The brief closes with an argument, once again consistent with Merck's brief (and, indeed, with arguments any branded drug company could make) that the Third Circuit's decision below is contrary to the balance struck under relevant Supreme Court precedent between a patentee's right to exclude and the proscriptions against anticompetitive behavior embodied by the antitrust laws. In this argument Upsher contends that the uniform "scope of the patent" test is consistent with this balance and should be affirmed by the Court. And perhaps anticipating the inevitable amicus brief by the FTC, the brief identifies the following as the source of the Third Circuit's error:
At bottom, the court of appeals' decision seems driven by the notion that there must necessarily be something wrong with settlements in which consideration flows from the patent holder to the alleged infringer. That impulse, however, ignores that fact that all settlements involve an exchange of consideration, and the form of that consideration should have no bearing on the lawfulness of the settlement. . . . And there is nothing anomalous about the fact that the net flow of monetary consideration may run to the generic challenger in the Hatch-Waxman context for the simple reason that the generic company has yet to begin making infringing sales.

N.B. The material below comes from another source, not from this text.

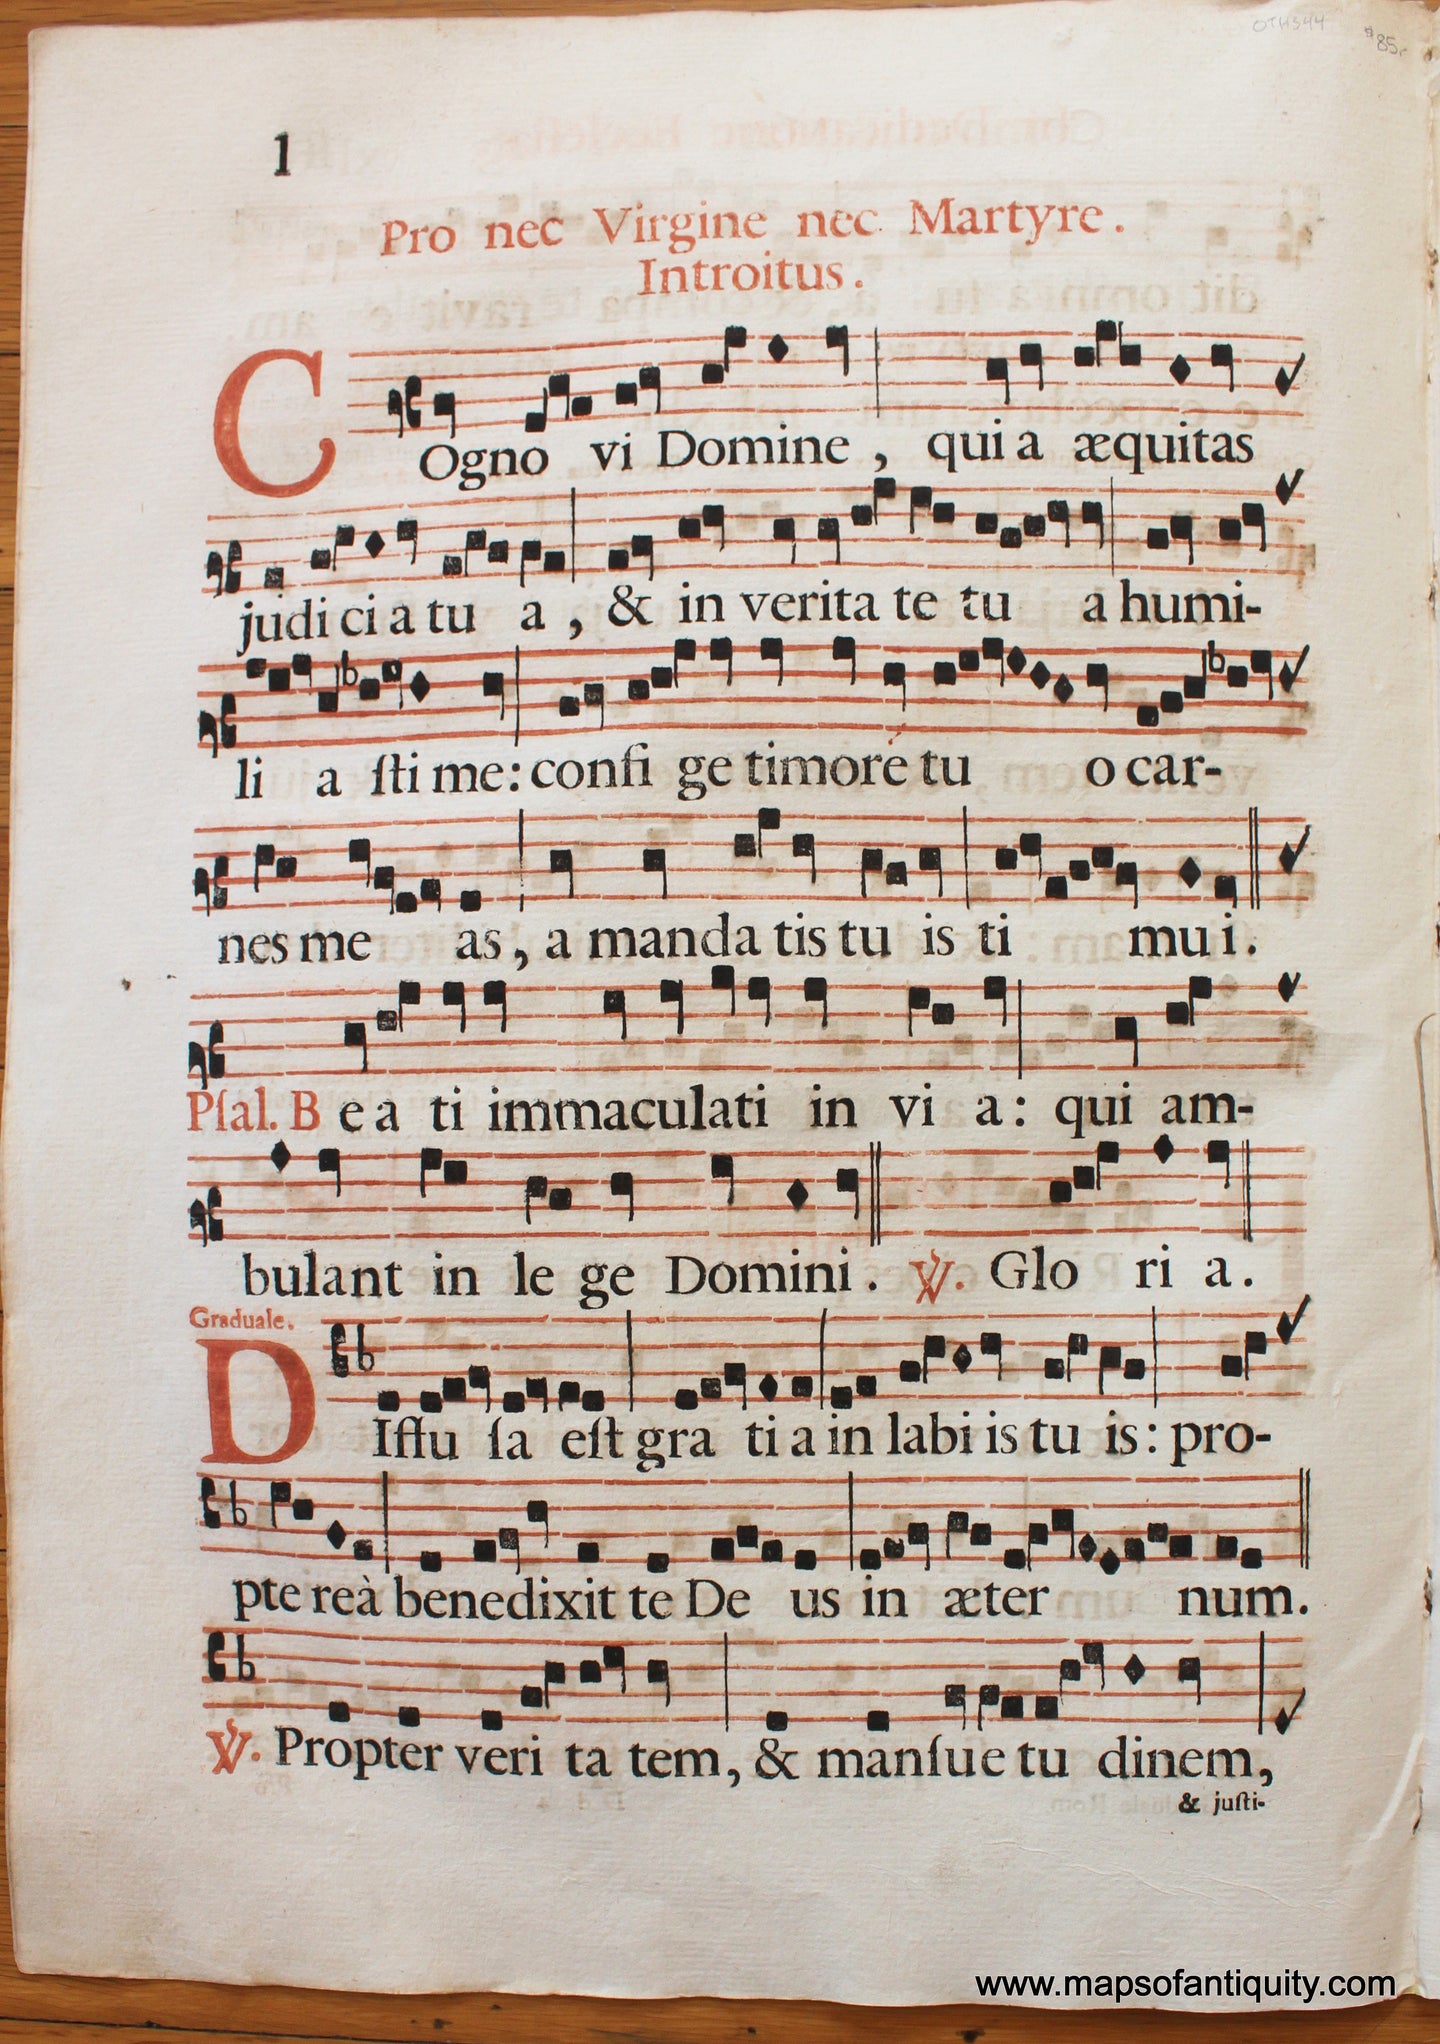 Antique-Sheet-Music-on-Paper-Antique-Sheet-Music-Pro-nec-Virgine-nec-Martyre.-Introitus.-c.-16th-century-Unknown-Antique-Sheet-Music-1500s-16th-century-Maps-of-Antiquity

As the Second Circuit has explained, if anything, "reverse payments are particularly to be expected in the drug-patent context because the Hatch-Waxman Act created an environment that encourages them" [citing In re Tamoxifen Citrate Antitrust Litigation].
Finally, the brief reminds the Court that the Third Circuit's decision, if upheld, would do ("by judicial fiat") something Congress has so far not done, make reverse payment settlement agreements unlawful, despite nine bills having been introduced to do just that over the past five years.
The Court is set to consider these petitions during an upcoming petition conference.